The following are highlights of a case study presented by Zeina Khamis of Manulife and Juliann Ng of element54 at NEXT, the Insights Association’s first-ever virtual event.
Zeina began by saying, “If you want to know how the lion behaves, you don’t go to the zoo, you go to the jungle.” She wanted to study those who used her firm’s web portal.
Her key criteria were to validate disparate hypothesis by bringing enough sample to bear on the problem that the results would not be dismissed. The ultimate goal was to make the personas the foundations of their UX work and to be able to recruit by persona for future studies.
Ideation, empathy exercises, and other qualitative techniques had produced many different hypotheses from many different teams, with no alignment and a fear that they might be missing other potential criteria. Zeina said she wanted “a study with statistical significance; I have too many hypothesis I want to test and I have too many people attached to their hypotheses. Too many cooks in the kitchen!”
Julianne proposed doing a segmentation study with a cluster analysis, with one of the deliverables to be a typing tool to find these personas for future research. Zeina reminded her, “I want mini in budget but not mini in analysis!”
Remarkably, the team kept the survey really short, at 7 minutes, which they believe is essential for B2B research. Respondents did evaluate two long batteries of attributes.
The research produced three distinct UX personas. Surprisingly, these personas disproved the internal teams’ hypotheses and were not based on demographics or firmographics.
Instead the results different on psychographics and technology usage, on factors like how easily frustrated they became, whether they preferred navigation or search, whether they preferred text or graphics, and their core UX desire. The teams were very surprised that none of the hypotheses came out as differentiating. They had placed a lot of weight going in on the role of the company, decision making authority, age, gender and industry.
Element54 identified three distinct UX personas: Amelia (53%), Marie (24%), and Chantal (23%). (Each of the personas were named after women as women predominated among the professionals surveyed for this study.)
Amelia is super thorough but wants to be efficient; she has a high threshold for digital frustration (is not frustrated easily); thinks that more is better, and indeed is afraid of missing information; she wants as much detail as possible, and she is navigation dominant (rather than search dominate). From the perspective of content consumption, she will consume text, video, infographics – anything she is provided.
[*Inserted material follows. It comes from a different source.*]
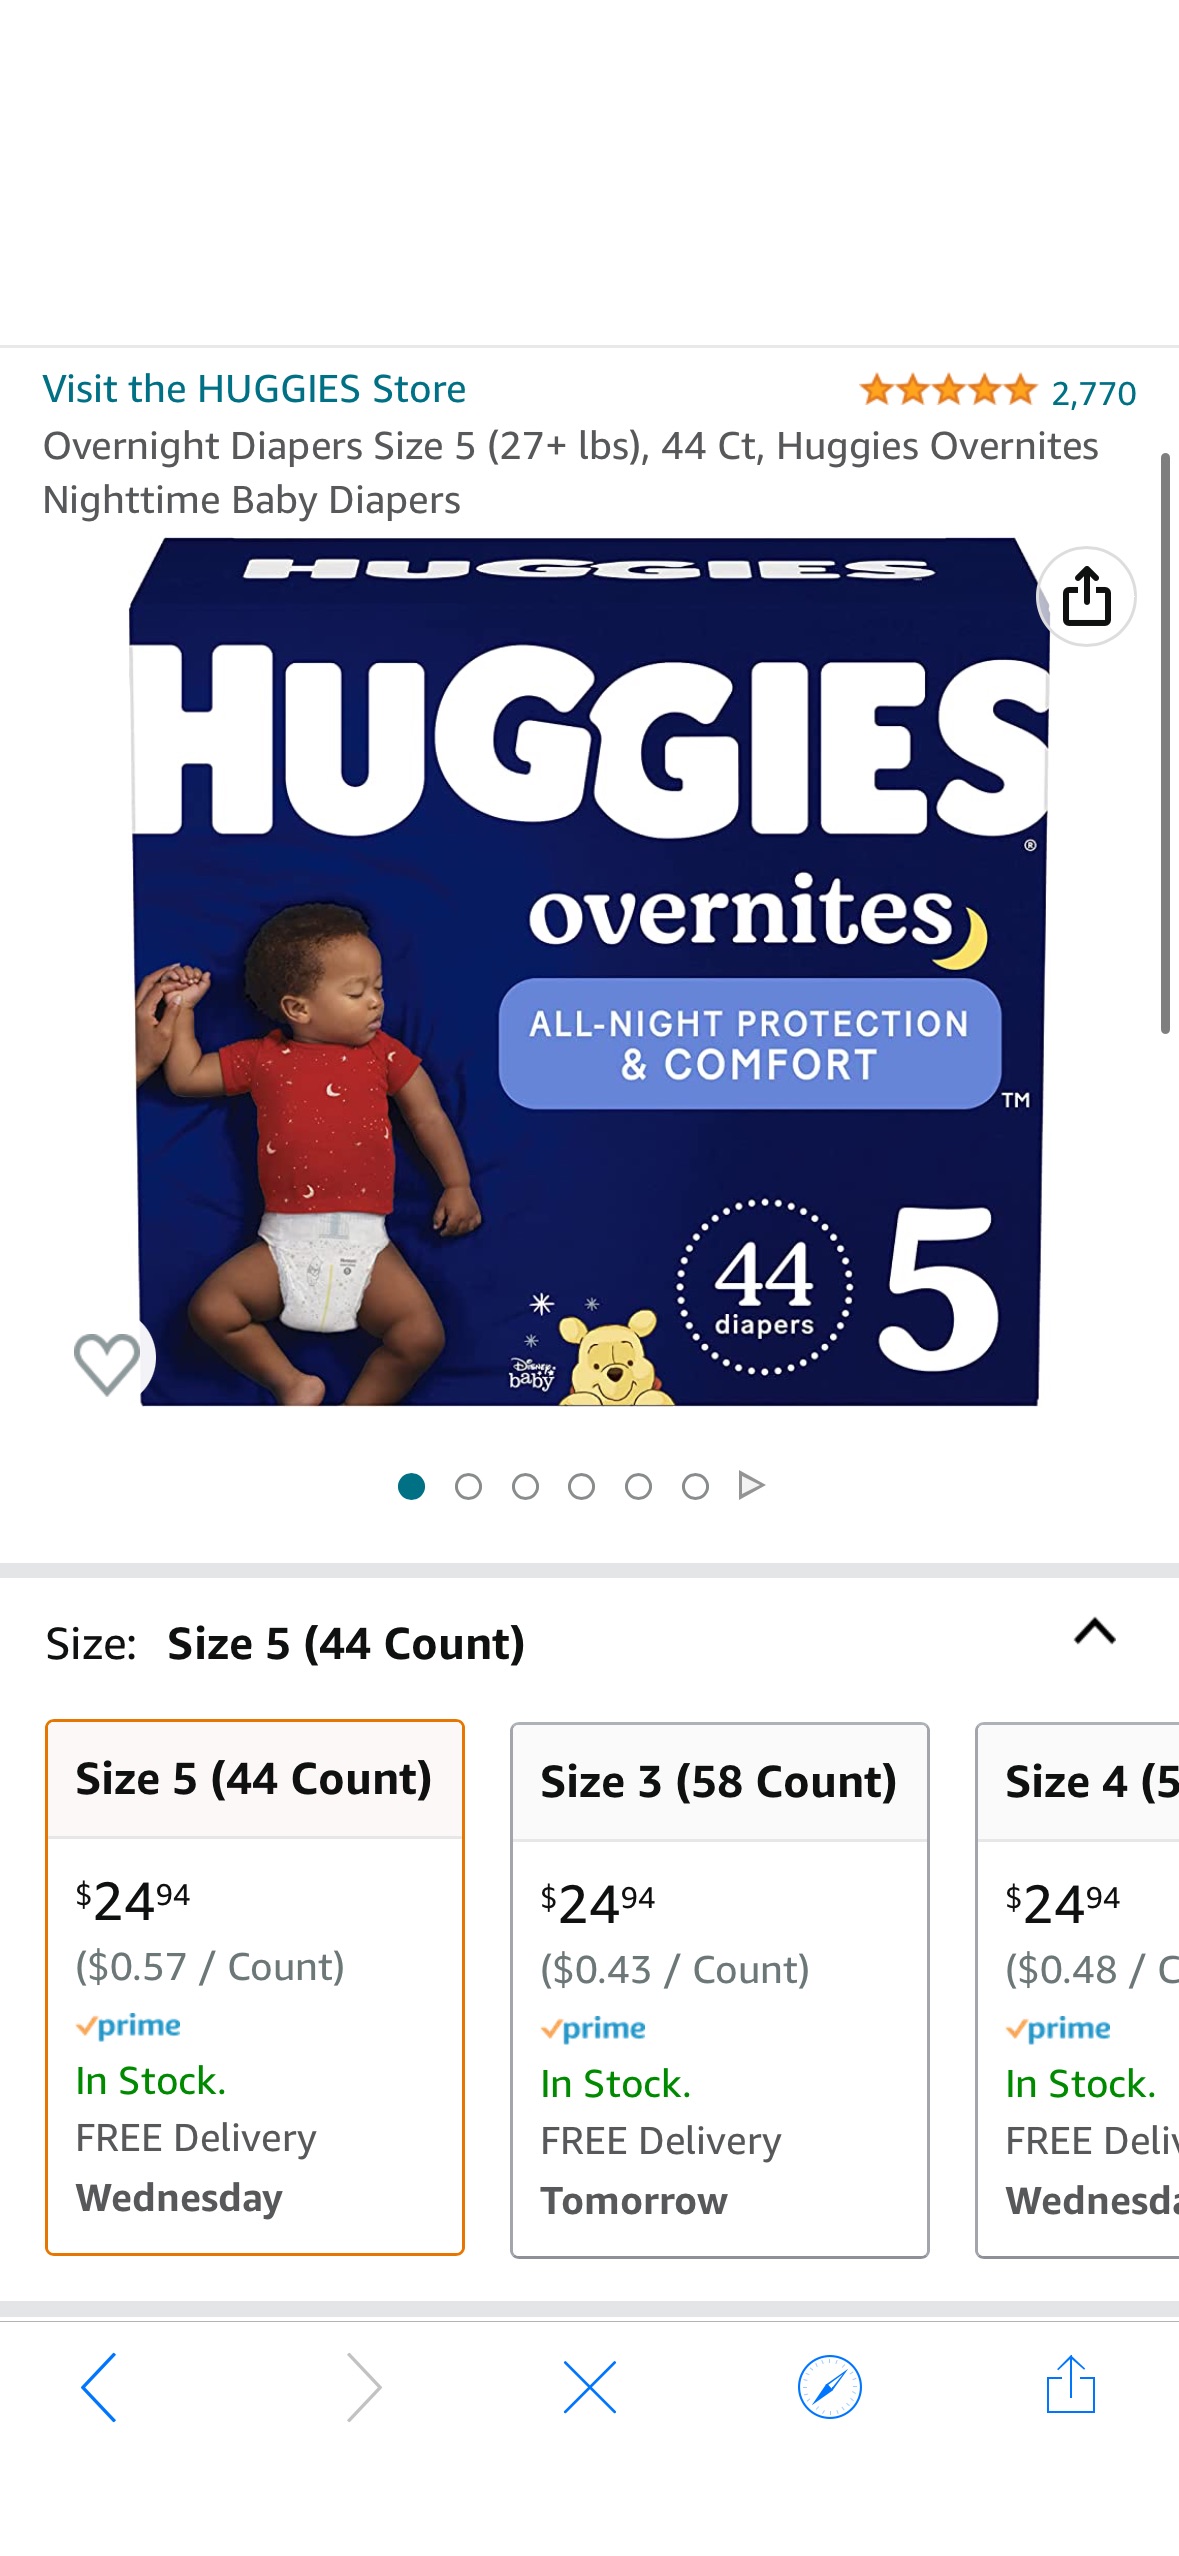 Amazon.com: Overnight Diapers Size 5 (27+ lbs), 44 Ct, Huggies Overnites Nighttime Baby Diapers : Everything Else尿不湿

Marie is about supporting rather than automating an “old-school” process. She gets frustrated very easily and is not as well versed to worked online. She does not want extra bells and whistles, and she prefers navigation to search.
Chantal is the only persona to prefer search to navigation. She finds what she needs, then gets out.
Because none of the teams’ expectations were favored over any others (because all had their hypotheses disproved), and because of the extensive sample, “all the cooks became aligned,” Zeina said, and the personas “were adopted by management, not pushed back on.” The teams are using the personas in their work and are using the typing tool for recruiting personas based on who they design for. “It was a big win!”
Zeina concluded by saying, “If we can’t go to the jungle, and the zoo won’t give us the answer, perhaps a safari might!”